4. I can't state how I became aware of it, but when I first saw baseball-reference.com, I was hooked.
I started creating a database of baseball data so I could make meaningful comparisons. At first, I was manually entering data from Total Baseball editions, but as I learned advanced techniques, I was able to amass data quicker. By 2005, I had created my first complete database of baseball data from 1871-2004--all of the approximately 17,000 players who had played, the 1,000+ managers. I included trades, salaries, the best metrics available at that time (Total Baseball's Total Player Index) and was at last able to start making some comparisons.
I collect data the way some people hoard trash or old magazines, so my data sets have increased.
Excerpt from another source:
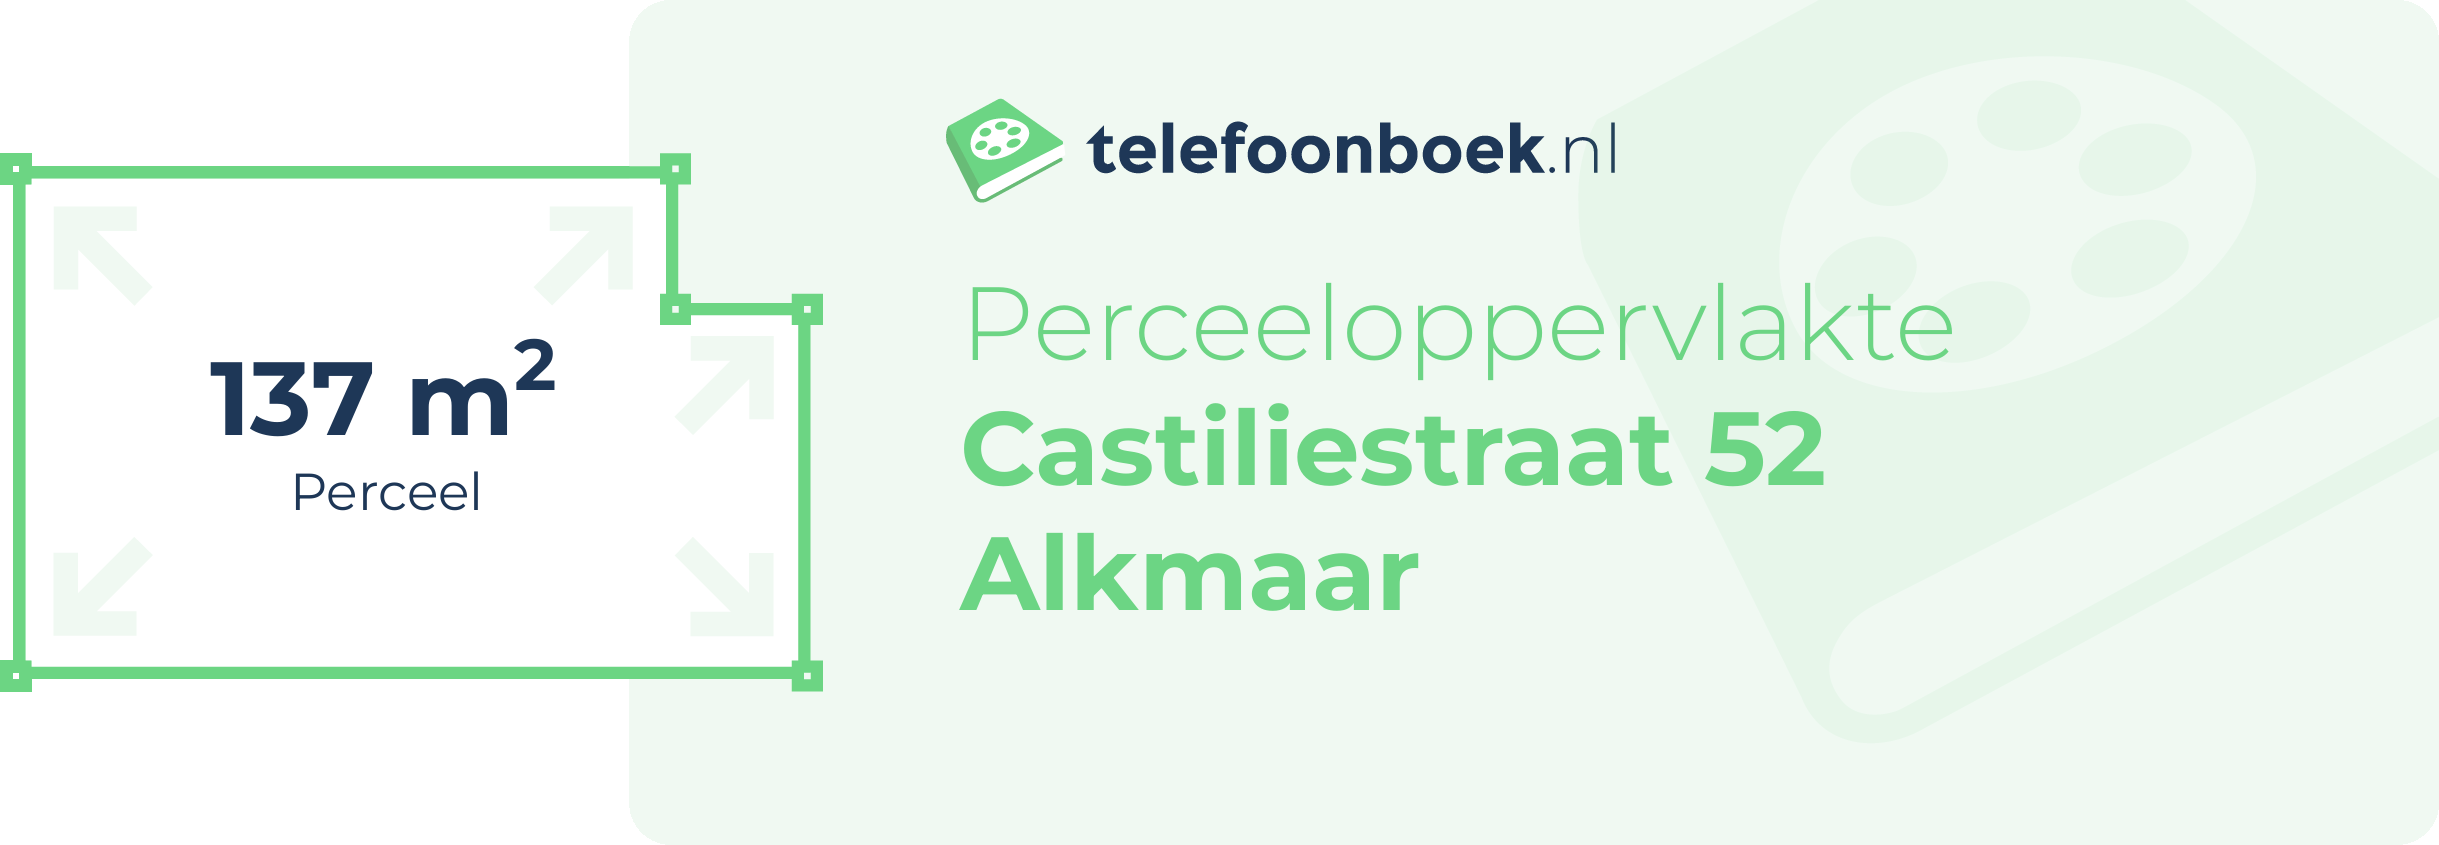 Perceeloppervlakte Castiliestraat 52 Alkmaar

Most of these databases wouldn't have been possible prior to the release of Microsoft Excel 2007, which allowed for spreadsheets that could include over 1,000,000 lines vs. the old limit of around 56,000. For example, to get every every player's hitting stat into a spreadsheet requires about 87,000 lines (for example, Hank Aaron played 23 seasons, requiring 23 lines to account for his seasons), so in the old days, that would require 2 spreadsheets (or two tabs in one spreadsheet, which is effectively just as useless), adding complexity in making comparisons. Right now, I'm working on play-by-play data to investigate any number of questions, and I've honed my techniques to where I can get a full slate of baseball games done in an hour.
My intentions remain the same--numbers are just numbers, I'm much more interested in what the numbers can tell us. For example, Babe Ruth's 1920 season when he hit 54 HRs was amazing not only because he hit that number, but because:
1. No one had EVER hit that many homers in a season
2. No one had EVER hit EVEN REMOTELY CLOSE to that many homers in a season (the previous best had been 29 by Ruth in 1919 and 27 by Ned Williamson in 1884)
3. No one else hit EVEN REMOTELY CLOSE to that many homers in 1920 (#2 in the majors was George Sisler of the St. Louis Browns--with 19)
I will use numbers like WAR (Wins over Replacement Player), FIP (Fielding-Independent Pitching) and other stats that may not be immediately recognizable, but never let the numbers get in the way of the story, or even worse, replace the story. All people like me are doing is providing context--HOW MUCH BETTER was this player (quick example--Mariano Rivera has a career WAR of around 66, and the next-best relief pitcher is Rich Gossage, with a WAR around 33--Rivera's metric in that case is TWO TIMES BETTER than that of the second person, which is HUGE).
I'm always ready and willing to answer questions or expand on methods. Never forget my bottom line hope--to explain. Very rarely will I state my opinion--I find my opinions boring, and I assume others will as well. There is no shortage of outlets available for people to tell you what they think, but I'm more interested in laying out a case and supporting it with relevant data. Whether I'm successful in that regard is up to you to decide.